Because the Company has an everyday low price policy, the Company does not run sales. However, the Company uses periodic markdowns and semi-annual clearances for merchandise that it has decided to discontinue carrying. In addition, the Companys full-color circulars and mailing pieces include a coupon, which may be redeemed at the point-of-sale. The Company also honors competitor coupons.
Merchandise Presentation
The Company has developed a distinctive style of merchandise presentation. In each store, groups of related product lines are presented together in separate areas of the store, creating the appearance that a Bed Bath & Beyond store is comprised of several individual specialty stores for different product lines. A racetrack layout that runs throughout the store facilitates moving between areas and encourages customers to shop the entire store. The Company believes that its format of merchandise presentation makes it easy for customers to locate products, reinforces customer perception of wide selection and communicates to customers that Bed Bath & Beyond stores offer a level of customer service generally associated with smaller specialty stores.

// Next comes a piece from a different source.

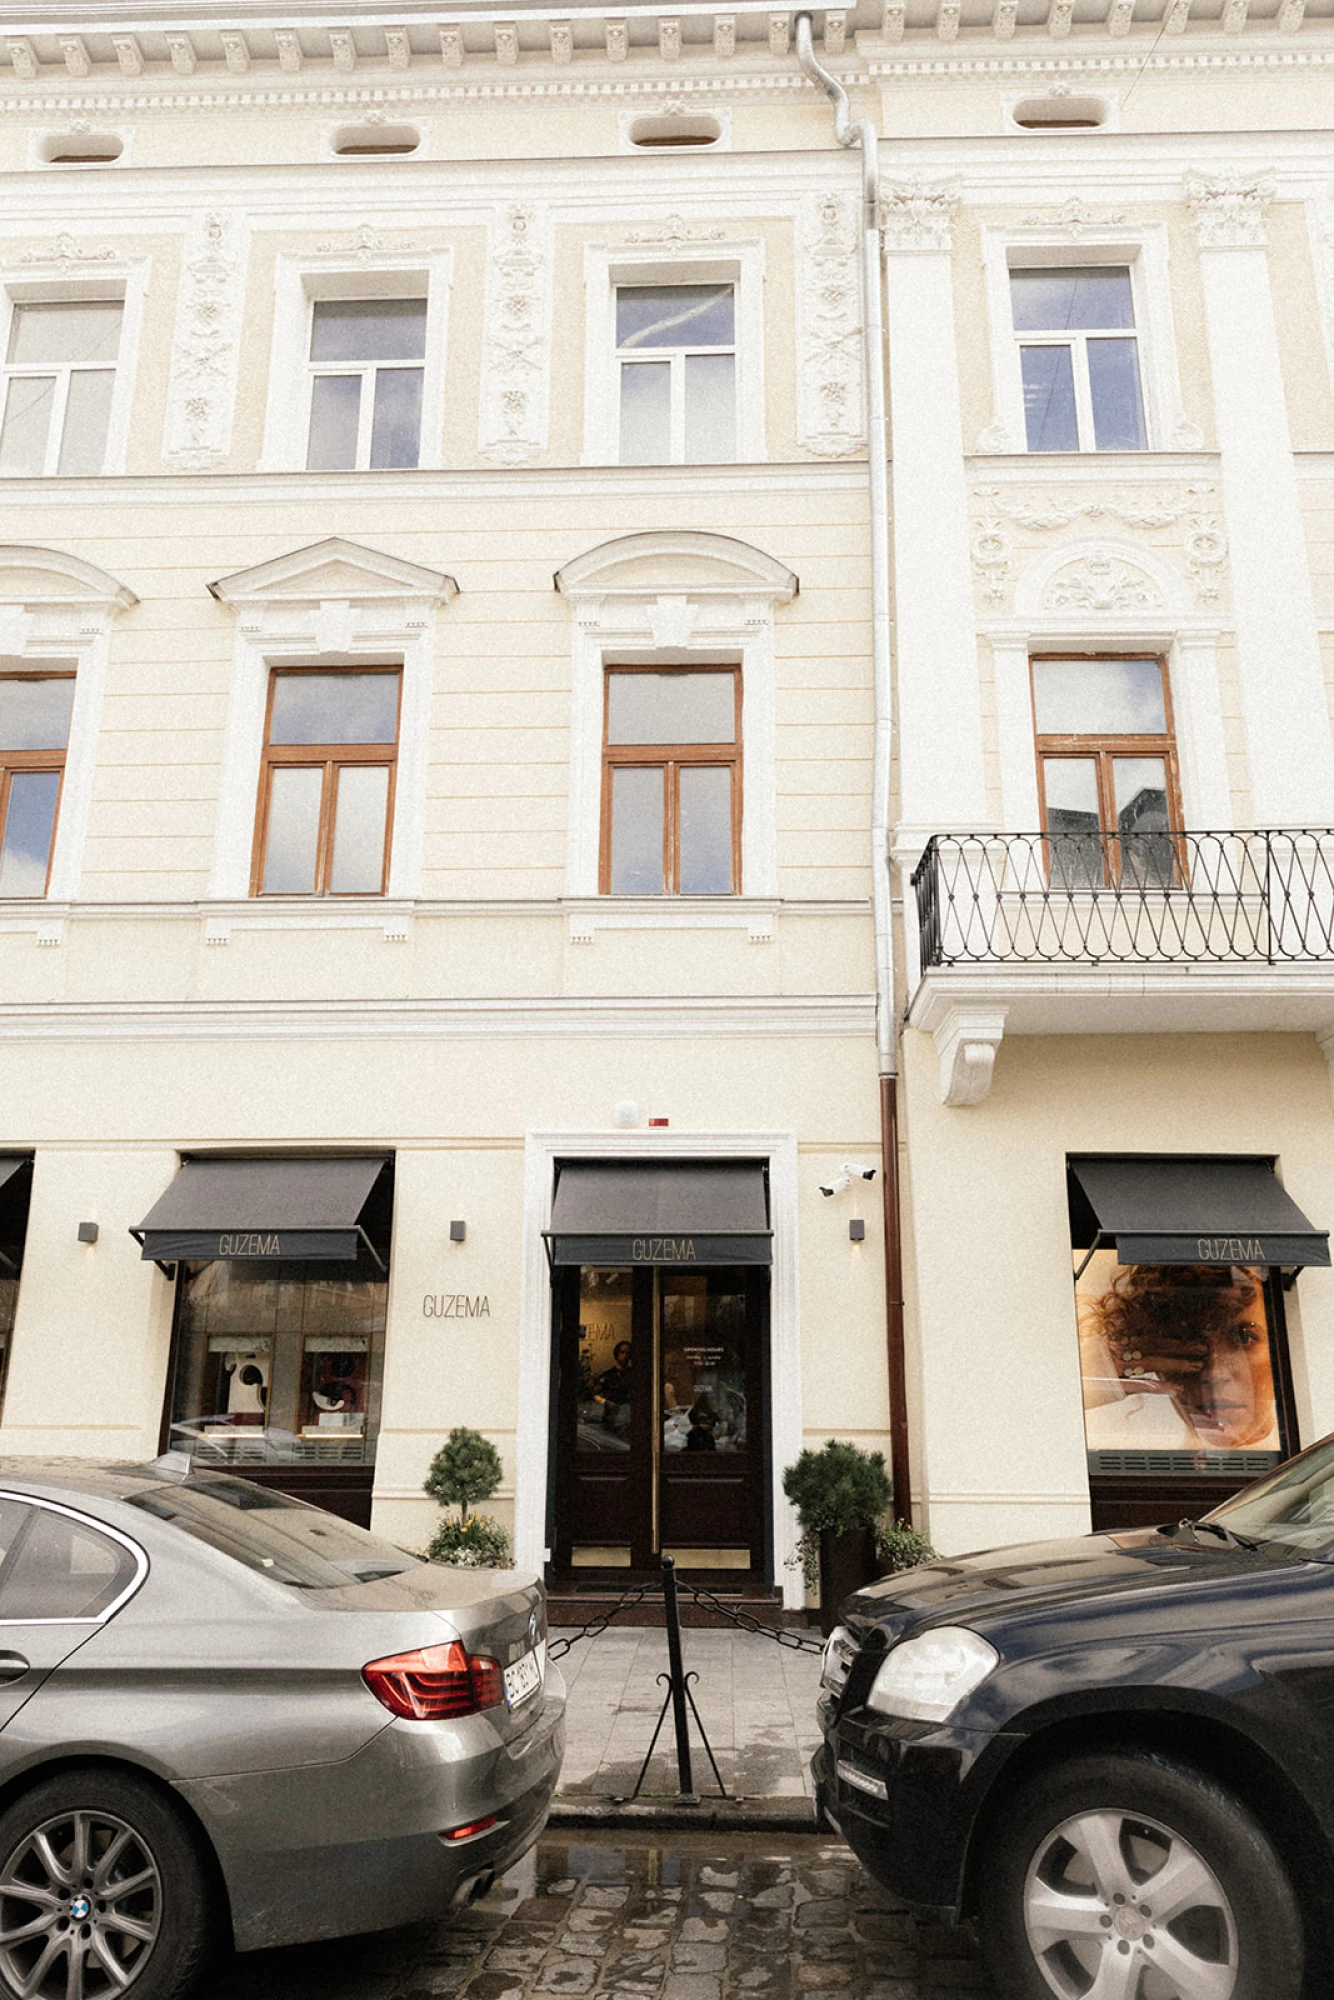 Guzema Fine Jewelry відкрили бутик в центрі Львова
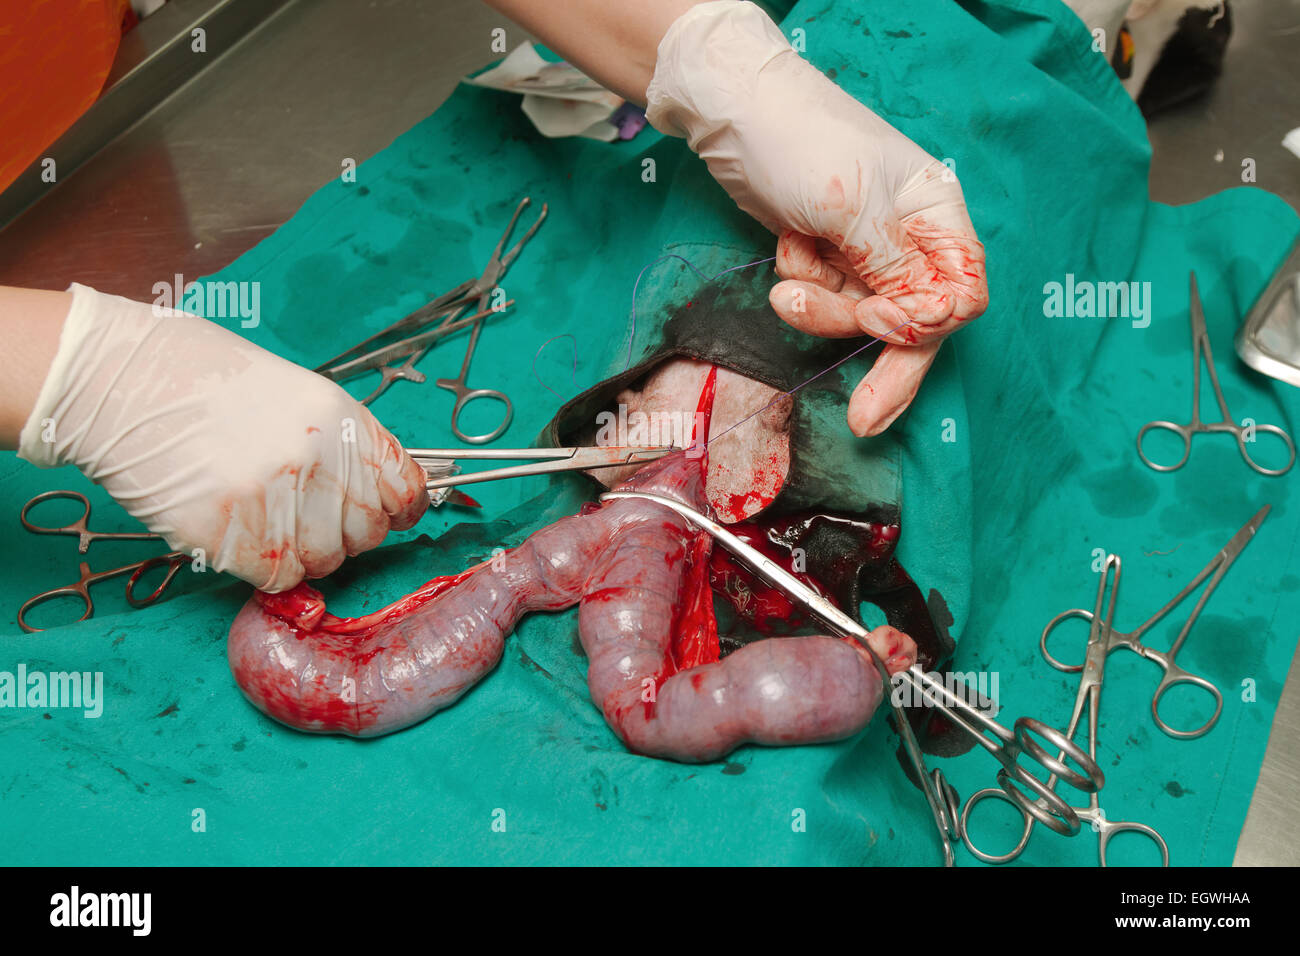 Hund in einer Tierarztpraxis, Chirurgie der Pyometra (Infektion der  Gebärmutter Stockfotografie - Alamy

Merchandise is displayed in each of these separate areas from floor to ceiling (generally 10 to 14 feet high) and, in addition, seasonal merchandise and impulse items are prominently displayed in the front of the store. The Company believes that its extensive merchandise selection, rather than fixturing, should be the focus of customer attention and, accordingly, typically uses simple modular fixturing throughout the store. This fixturing is designed so that it can be easily reconfigured to adapt to changes in the stores merchandise mix and presentation. The Company believes that its floor to ceiling displays create an exciting and attractive shopping environment that encourages impulse purchases of additional items.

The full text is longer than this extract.